Generation of hydrogen isotope ions in a vacuum arc discharge with a composite zirconium deuteride cathode

The mass and charge composition of the plasma of a vacuum arc with thick and film-type zirconium cathodes containing deuterium and hydrogen is investigated experimentally and theoretically. For a thick cathode, it is shown that such a system ensures effective generation of deuterium ions with an integral fraction per arc current pulse of approximately 60%; the maximal concentration of deuterium is observed at the initial stage of the arc operation. In the case of the film cathode, such a concentration of hydrogen isotopes can be attained for currents exceeding 400 A and for an arc duration at a level of a few tens of microseconds.
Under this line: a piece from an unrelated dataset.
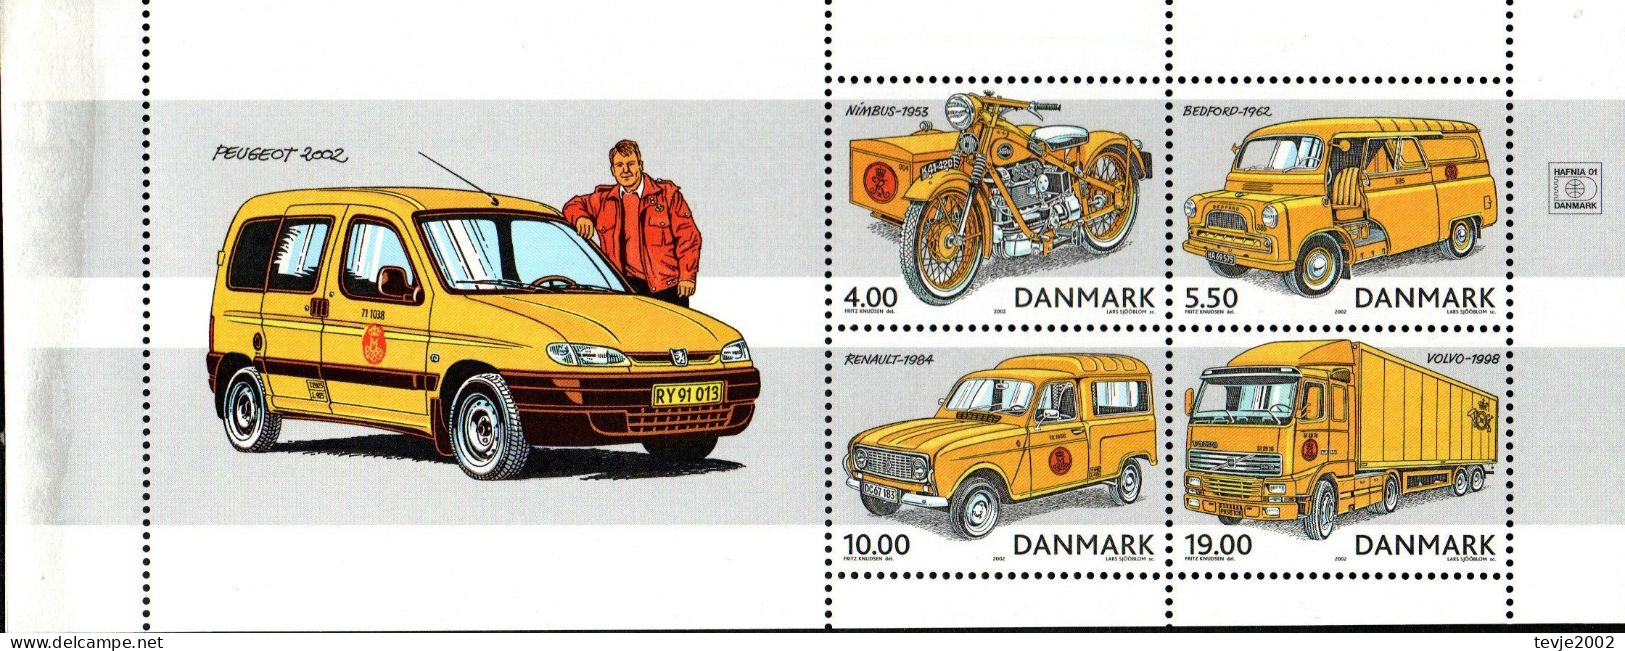 Dänemark 2002 - Mi.Nr. 1312 - 1315 (aus Markenheftchen) - Postfrisch MNH - Post - Ungebraucht

Occlusion of deuterium in the cathode leads to additional energy expenditures for its ionization and, as a consequence, a decrease in the average charge of ions of the cathode material in the arc plasma. Deuterium in the cathode spot is ionized completely, and the drift velocity of its ions almost coincides with the velocity of ions of the cathode material due to the high frequency of ion-ion collisions in the cathode region. The interaction of a dense ($\sim$ 10$^{20}$ cm$^{-3}$) cathode-spot plasma with microinhomogeneities of the cathode surface leads to the development of thermal instability in them over time intervals that do not exceed tens of nanoseconds.